Turkish Coalition of America
- Type: Non-profit
- Location: Washington D.C., Boston;
- Members: 156
- President: Lincoln McCurdy
- Website: http://www.tc-america.org

= Turkish Coalition of America =

Turkish organization in the United States

The Turkish Coalition of America (TCA) is the main Turkish lobby organization in the United States. Its stated purpose includes education and congressional advocacy. It is based in Washington, D.C., with an office in Boston, Massachusetts. A 501(c)(3) non-profit organization, it engages in educational, cultural, social and political activities and it's closely aligned to the Congressional Caucus on Turkey and Turkish Americans.

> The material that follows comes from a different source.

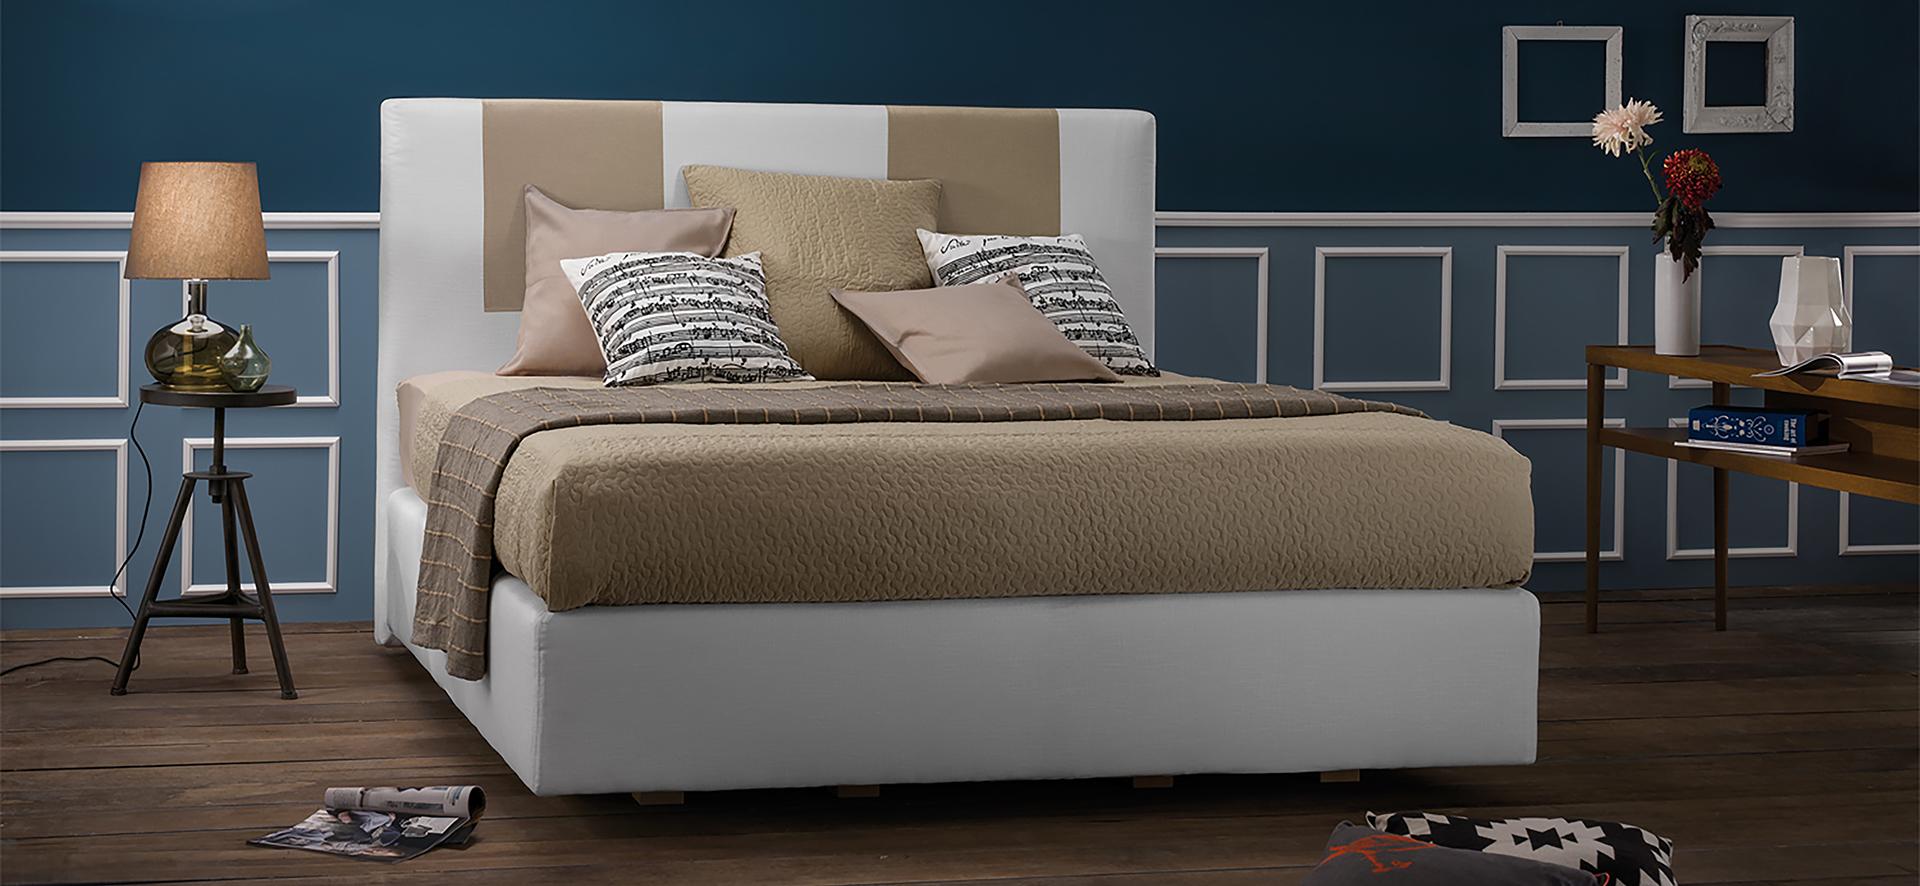 natur boxspringbett vega in frankfurt main dormivital. Black Bedroom Furniture Sets. Home Design Ideas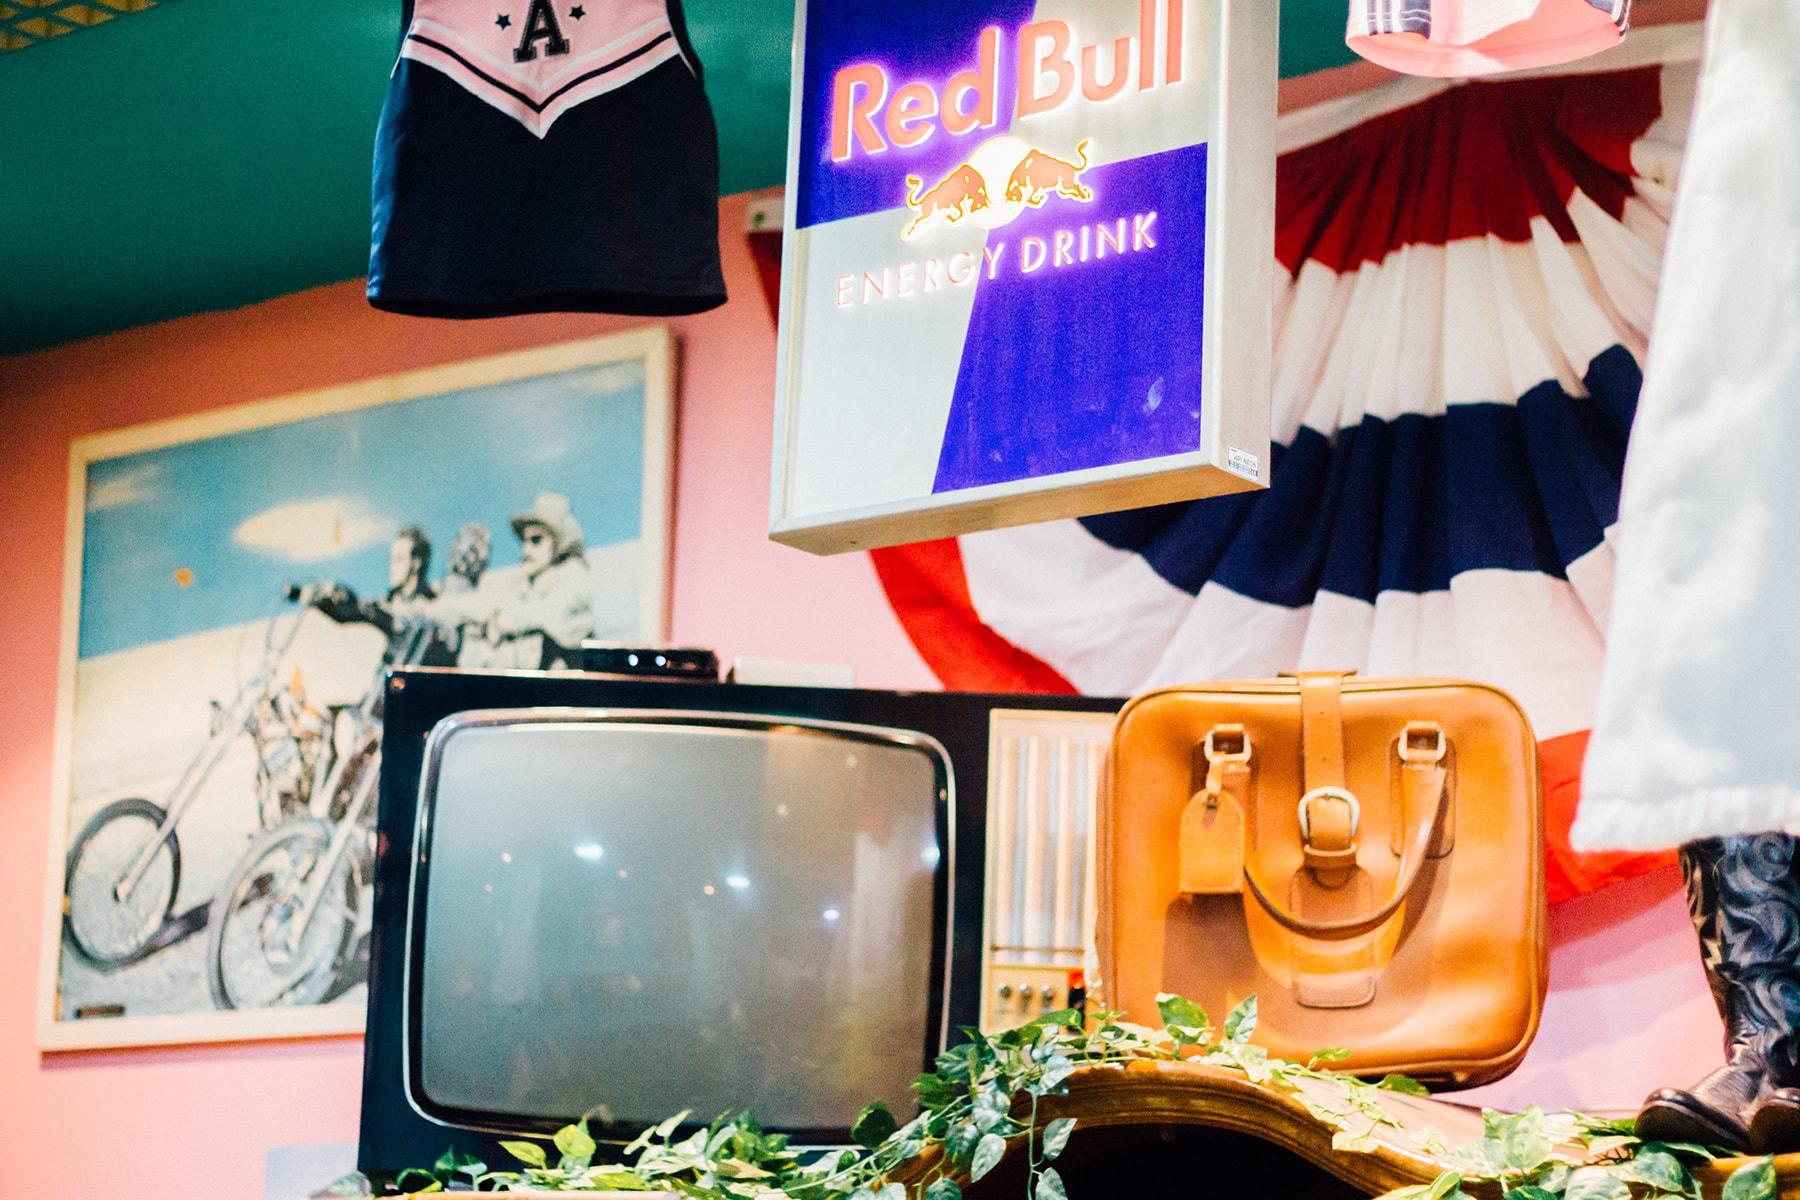 detalles televisor, maleta y ropa en cherry bomb

The organization has received criticism for making inaccurate claims about the Armenian genocide. Historian Richard Hovannisian states that TCA "has become a driving force behind contemporary efforts to deny the truth of the Armenian Genocide".

==Legal actions==
In November 2010 the Turkish Coalition of America sued the University of Minnesota and the director of its Center for Holocaust and Genocide Studies for defamation and violation of the group's First Amendment rights after the university had issued a list of "unreliable websites" and warned students not to reference them in their studies. The website of the Turkish Coalition of America was at the head of that list for asserting that the Armenian genocide in 1915 should be understood as part of inter-communal warfare between Ottoman Armenians and Ottoman Muslims. In 2011 a federal judge dismissed the suit, finding that the case centered on academic freedom and stating "The ability of the University ... to determine the reliability of sources available to students to use in their research falls squarely within the University's freedom to determine how particular course work shall be taught." Bruce Fein, attorney for the Turkish Coalition, called the academic freedom argument "a bogus claim" and "a cover" to suppress ideas the university doesn't like. The Turkish Coalition of America appealed the case in February 2012. In May 2012 the Eighth U.S. Court of Appeals ruled in favor of the University of Minnesota, dismissing the Turkish Coalition of America's claims. Counsel for the University of Minnesota, Mark Rotenberg, said the decision "confirms the right of universities and their faculty to offer scholarly criticism and critique on websites without fear of legal exposure."